The idea of microkernels, which has been advocated by workers in recent years, is roughly the same thing, replacing the operation of shared data structures with messaging.

Why are these analogies to the global TCP/IP Internet? Because the foundation of TCP/IP is an asynchronous, stateless, distributed, messaging packet-switched network.

The bus is simple and simple, and as the scale of the system expands, the time loss caused by the bus scramble increases exponentially, and when people find that the bus cannot support high concurrency and cannot physically expand, the message delivery replaces the bus. In large-scale systems, the additional latency of message manipulation is negligible.

Whether it’s internal boards, LANs, PCI, operating systems all start at the local area, it’s not surprising that they start with the bus. However, the Internet is connected to the distributed wide area side from the beginning, and it is not suitable for the bus structure at the beginning, which in turn shows that the bus is not suitable in the distributed scenario.

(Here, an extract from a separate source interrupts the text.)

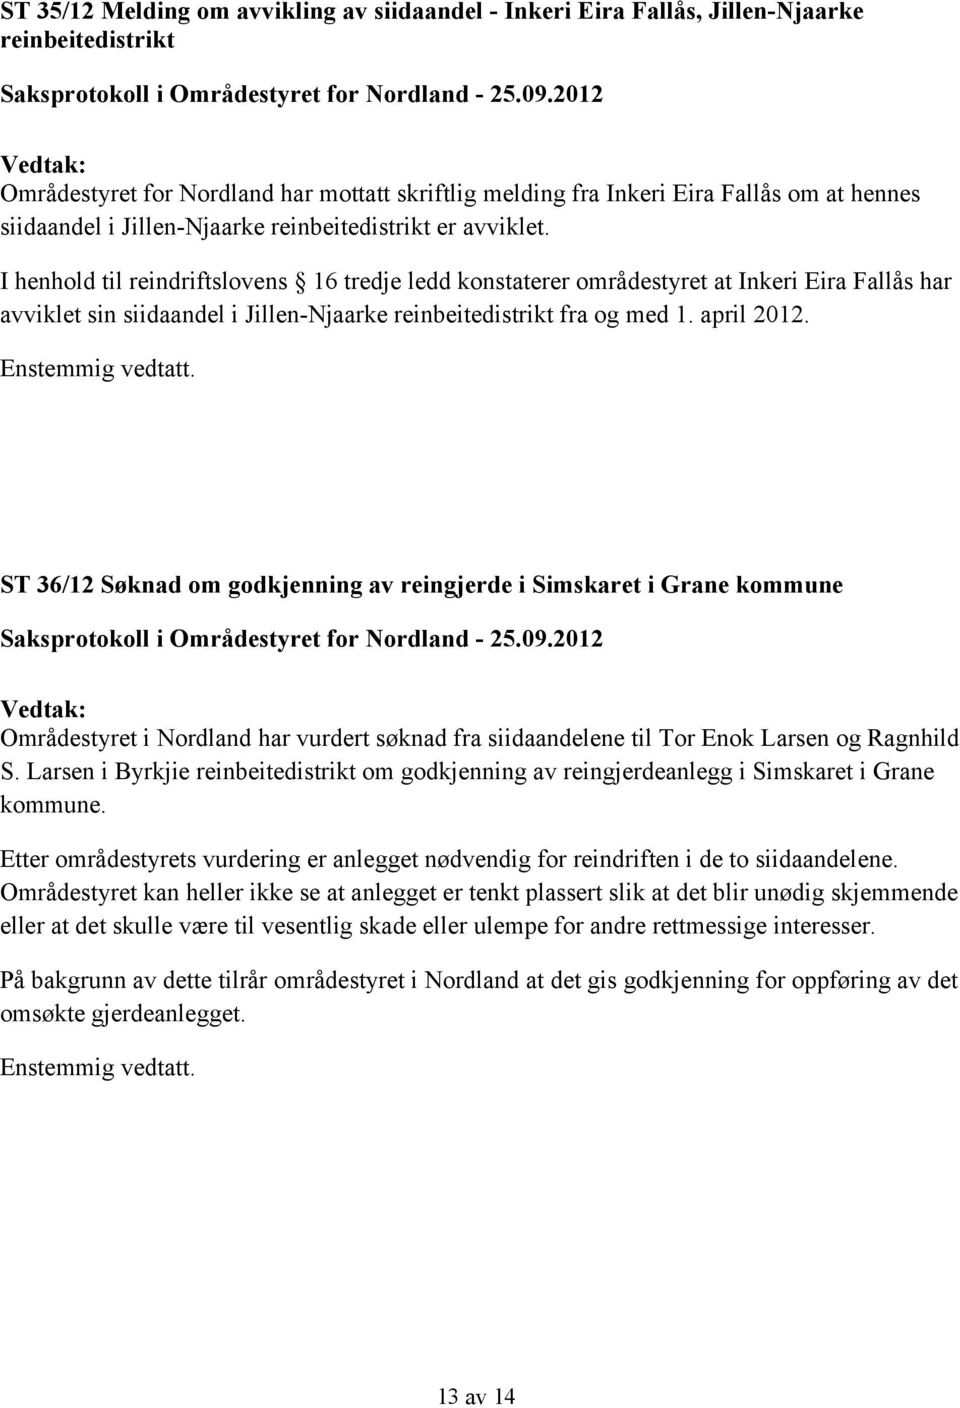 I henhold til reindriftslovens 16 tredje ledd konstaterer områdestyret at Inkeri Eira Fallås har avviklet sin siidaandel i Jillen-Njaarke reinbeitedistrikt fra og med 1. april 2012.

I have always praised the TCP/IP end-to-end principle, and it is its stateless IP slim waist that allows the Internet to scale arbitrarily without introducing additional overhead, and the thin waist is also the core of stateless message exchange, only defining and maintaining state between the sender and receiver, rather than all the ends maintaining the state of the shared bus or memory together.

As a result, messaging also follows end-to-end principles and allows for free scaling, while bus and shared memory do the opposite.

From the perspective of the local expansion above, we see the trend of messaging replacing buses.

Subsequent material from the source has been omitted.